Already at the time, budgets were increasing in relation to inflation rates, ticket sales fell slightly, contributions remained remarkably stable (annual support increasing from $ 3.7 million in 1980 to $ 40 million planned for 2015 ), and Gockley said decisive action was needed to cut an estimated budget of $ 106 million.

San Francisco Opera Music Director Eun Sun Kim with SF Opera General Manager Matthew Shilvock in front of the War Memorial Opera House | Credit: Marc Olivier Le Blanc / SF Opéra

“There are structural issues that we face as a business and some of the systemic issues that the industry as a whole faces,” said Gockley, “the slowly declining role of subscriptions, the difficulty in balancing budgets, the lack of bankable stars, the marginalization of the classical arts in education and mass media, the plethora of competing forms and opportunities of entertainment that vie for the time and attention of those who could go to the opera.
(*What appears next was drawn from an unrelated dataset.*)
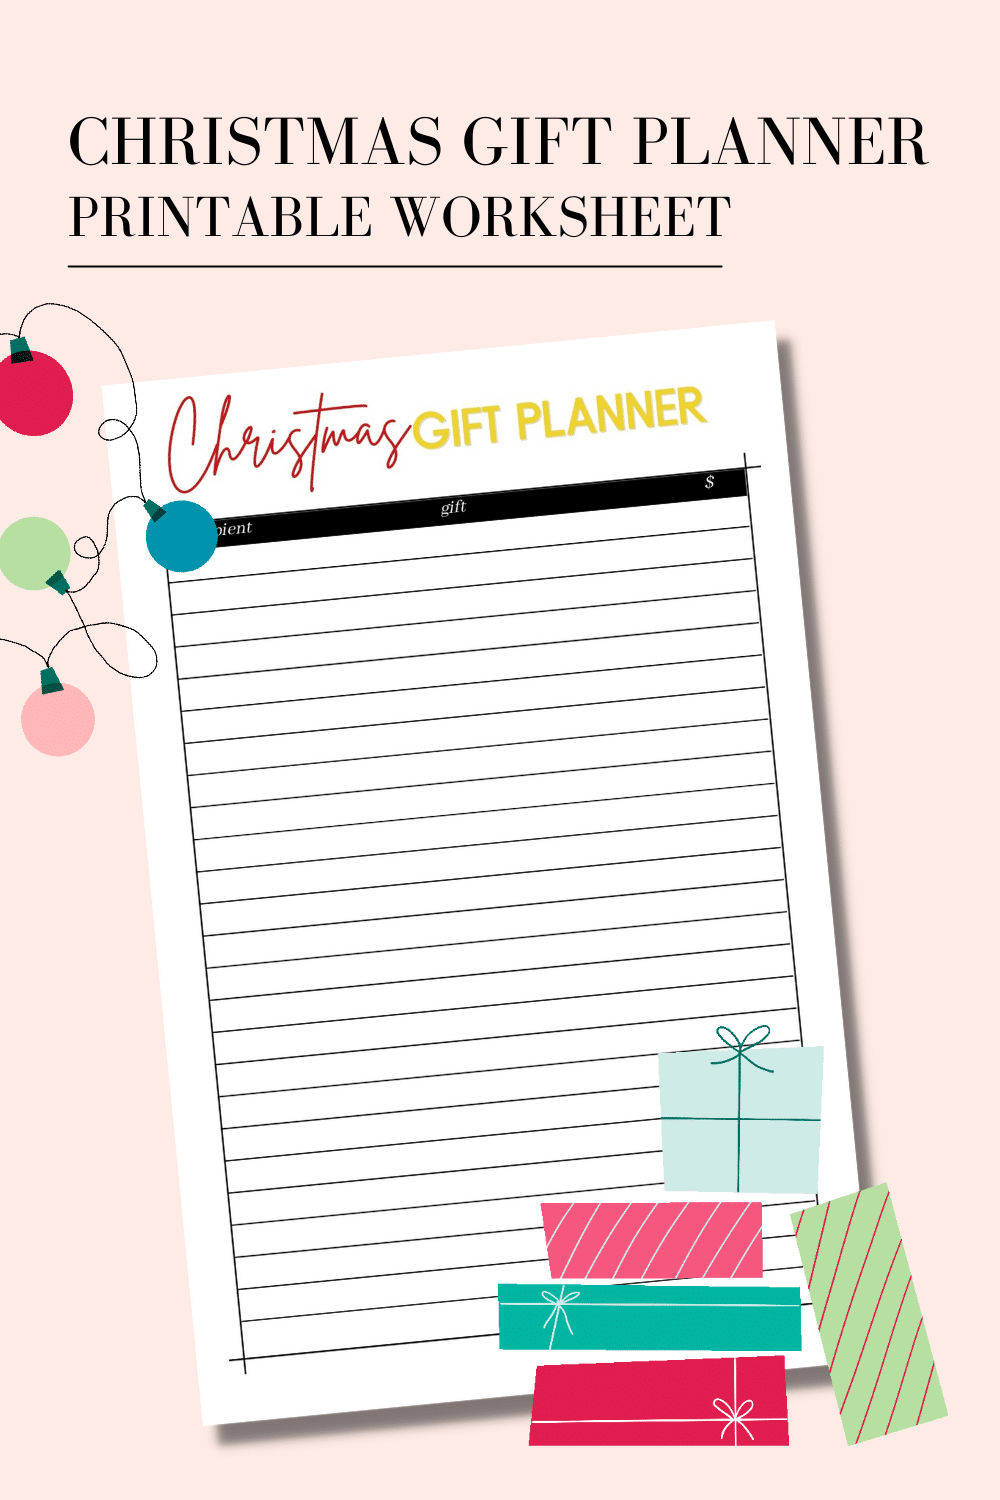 Free Printable Christmas Gift Planner Worksheet 2021

It was seven years ago. What is SF Opera facing today? As usual, published notices are only available 18 to 24 months ago. most recent information is for fiscal year 2020, which shows:

Total assets of $ 288 million, total liabilities of $ 18.6 million, total expenditure (“the budget”) of $ 78.5 million, with several pandemic contributions, including a loan from the protection program salaries of $ 8.9 million (for 2 years, with an interest rate of 1%). The SF Opera endowment at the end of fiscal 2020 was $ 244.7 million, almost all “limit. “

Shilvock entered the current 99th season with just five operas, calling it a “transitional year, temporarily offering a reduction in the number of operas and performances to ensure a safe return to the stage.”
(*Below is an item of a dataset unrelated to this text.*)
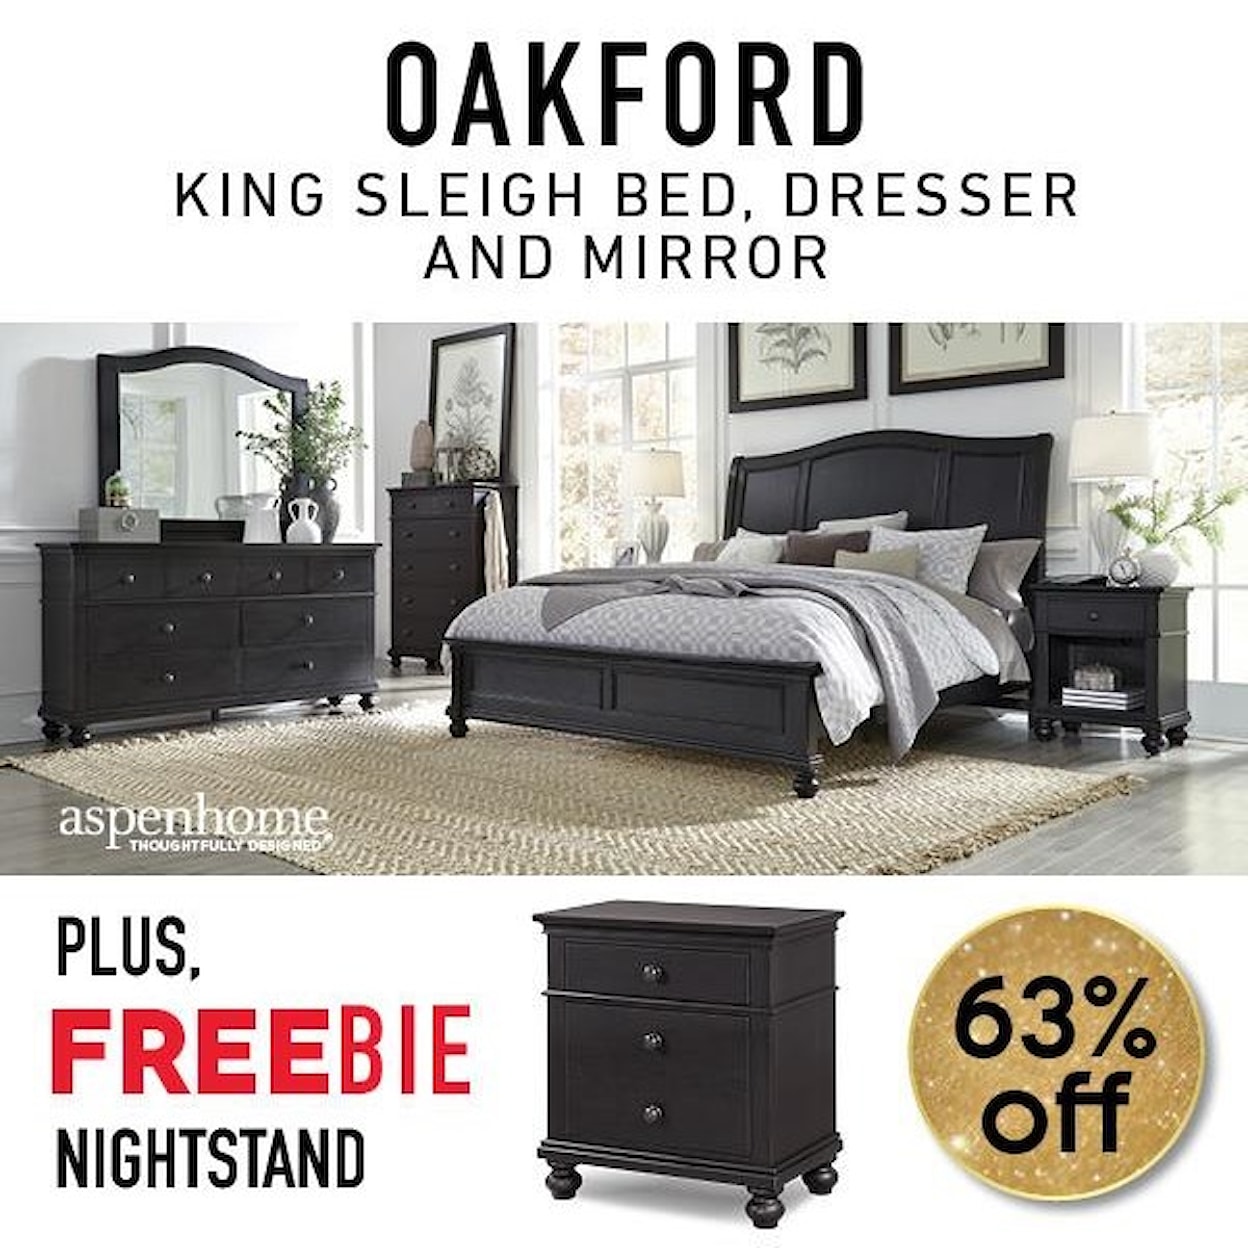 Aspenhome Oakford Oakford King Bedroom Package with FREEBIE!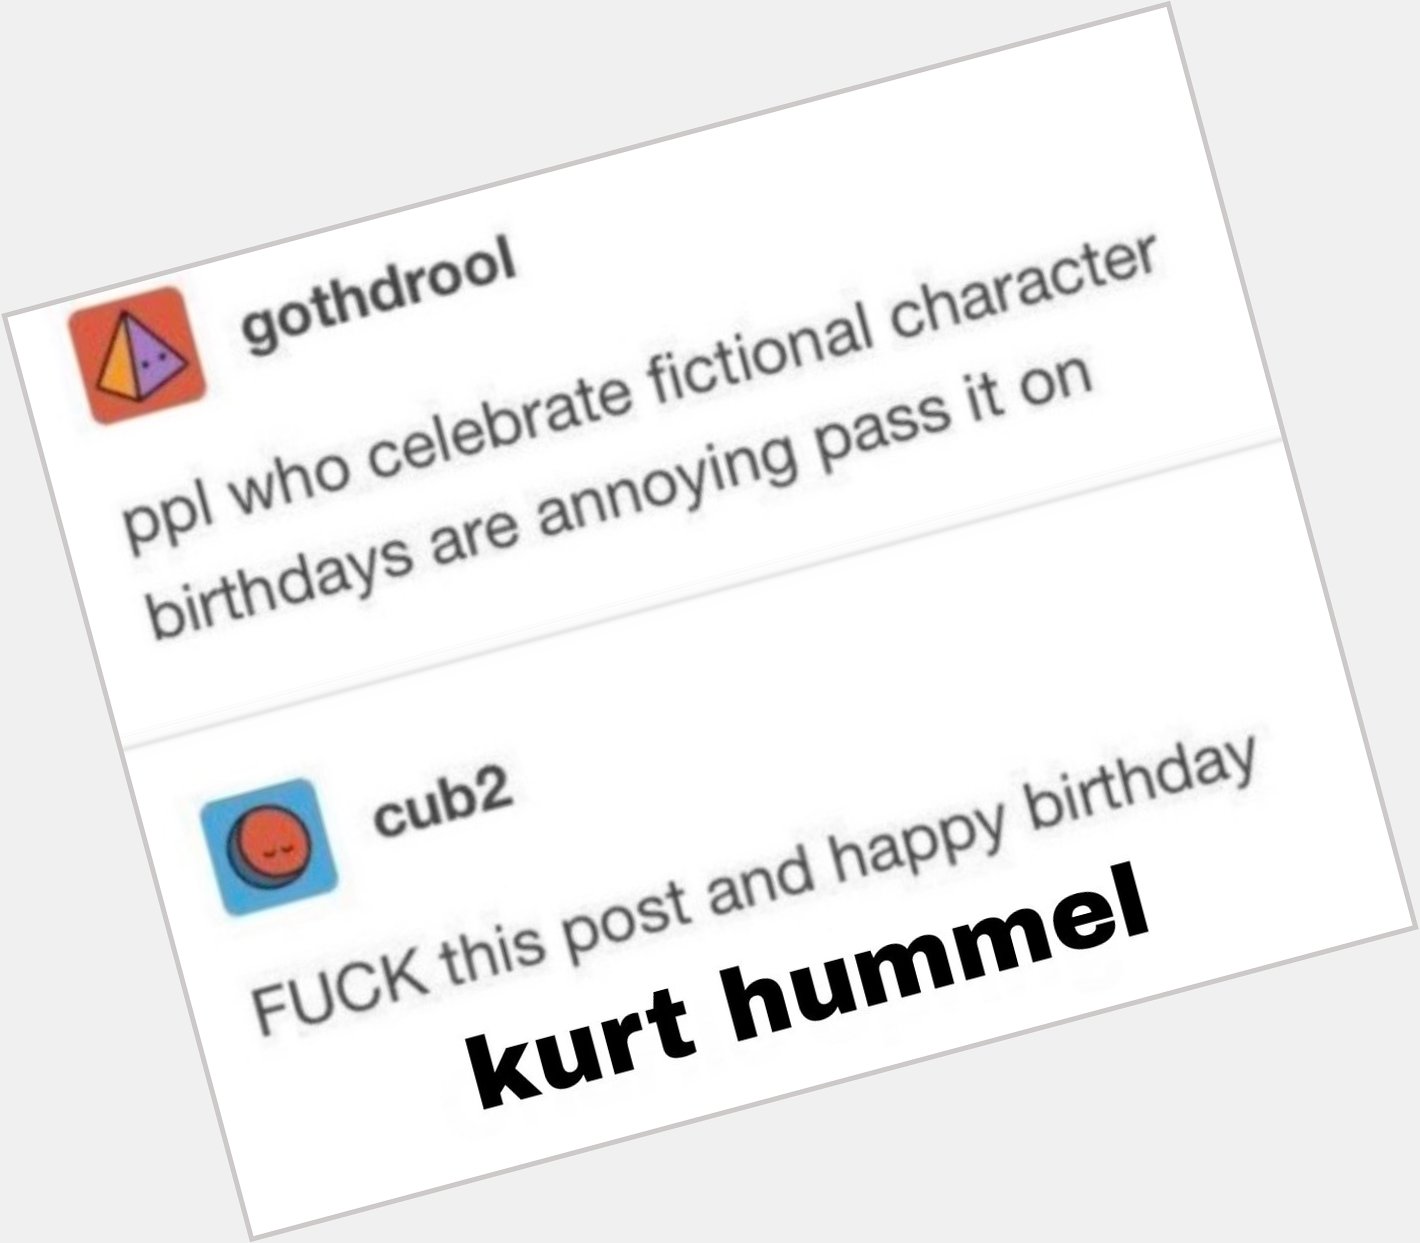 Happy birthday kurt hummel !!!!

The rehearsals and performances of the three autumn productions were scheduled successively (“scene“) rather than overlapping (” repertoire “) as in a typical season. This arrangement, along with other protocols, allowed for maximum flexibility as the company and the public navigated through this early period of emergence. the end of the pandemic.

The summer of 2022 is promised to bring the return of repertoire programming (several operas presented each week), and in 2022-2023, the company will celebrate its centenary with a full repertoire season.

Employment contract reached during the pandemic until the end of the centenary and remains in effect, retroactively, from August 1, 2020 to July 31, 2023. But some of their provisions may need to be adjusted anyway to avoid further friction with the orchestra and the choir.

Model for Poul Ruders’s The Handmaid’s Tale. Will he return in the coming season?

The season will be announced in January, so for now it’s just speculation – the favorite pastime of opera fans. There is a good chance that two existing SF Opera co-commissions will be produced:

SF Opera Music Director Eun Sun Kim spoke of her interest in directing Verdi and Wagner, two composers always at the forefront of standard repertoire sessions. The critic’s hope is to avoid the more frequently produced workhorses of Verdi and Puccini, as always.